The implications of imperfect parents in the two novels include no emotional connection, bullying, children being raised by outsiders, and rebellious children. Imperfect parents or guardians mostly neglect their children. In “The Giver”, Jonas was not loved by his parents, and in fact, child rearing was more of a duty and a business decision. Also, Matilda did not connect with her parents emotionally since they were unbothered with her whereabouts. The children in Jonas’ community were killed without any good reason, they were assigned careers at a young age, and they were lashed. Also, Matilda was verbally attacked by being called names such as witch, cheat and twit, given difficult chores, and got severe punishment in school. Jonas was raised and mentored by The Giver, who took him as a son.

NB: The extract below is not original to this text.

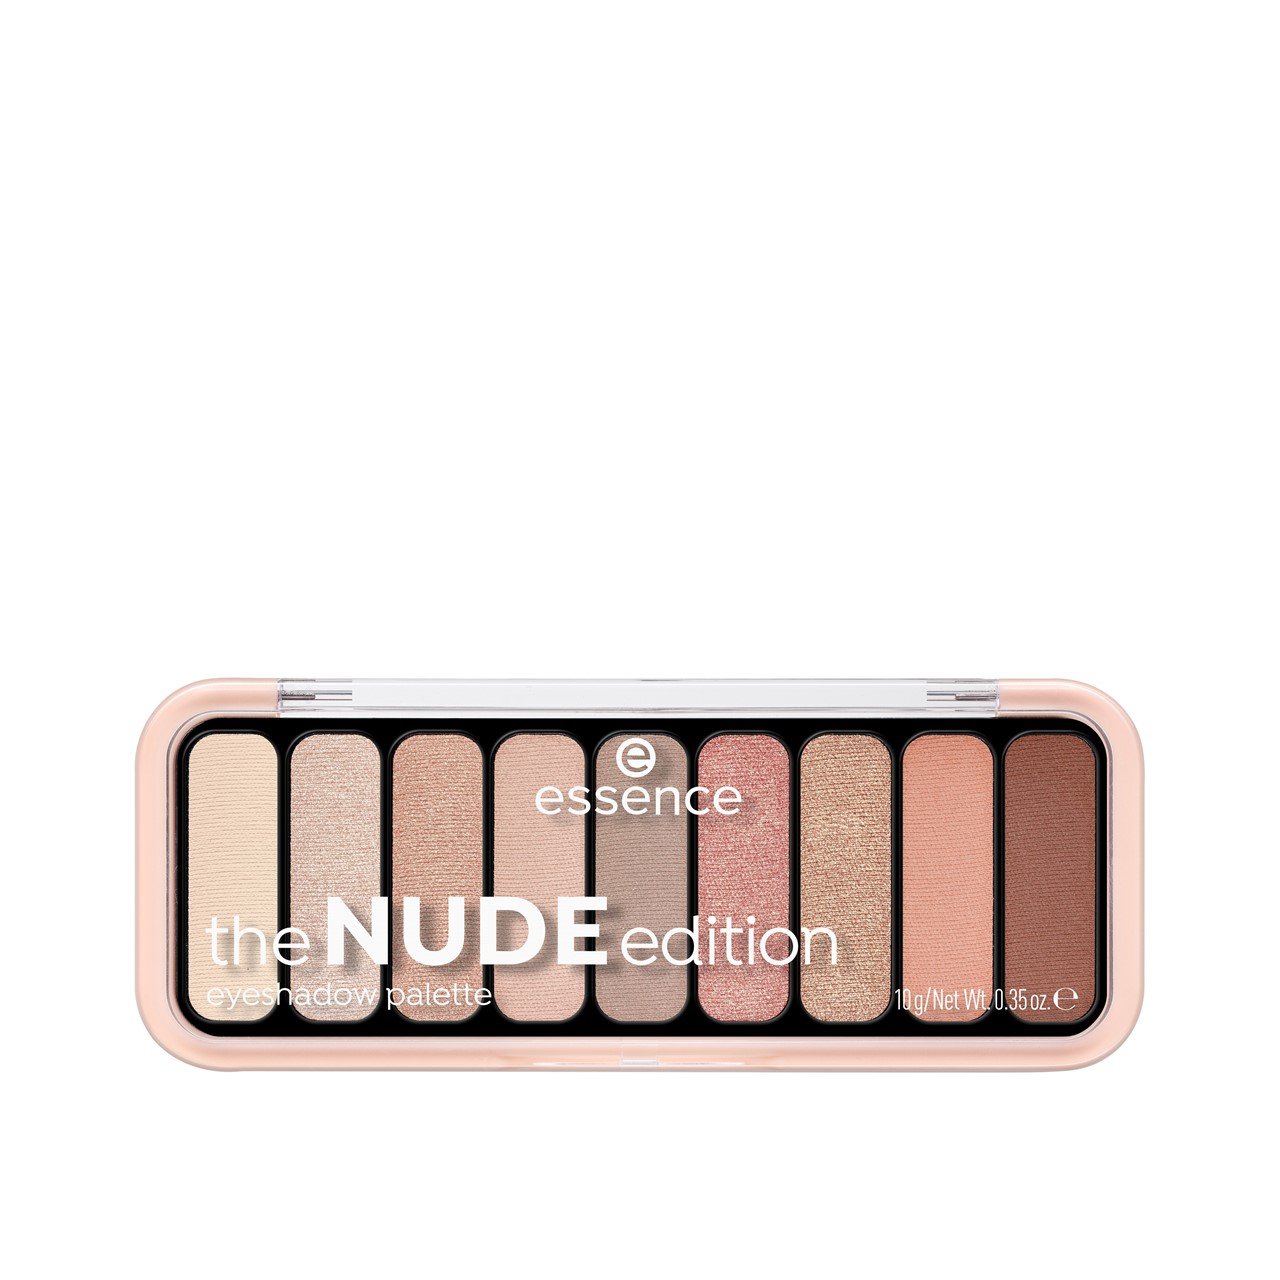 In USA 10g 10 NUDE Buy Palette essence · Eyeshadow the Edition Nude Pretty (0.35oz)

Also, Matilda got two allies, Mrs. Phelps who helped get enough books to read, and Mrs. Honey who nurtured her talent and adopted her. Jonas was rebellious by lying to his father, giving back memories to the people, and kidnapping Gabriel. Also, Matilda was rebellious by playing pranks on her parents and teachers, by using superglue, talking parrot, and telekinesis powers. That said, parents need to be active in their children’s lives and mentor them to avoid the implications discussed.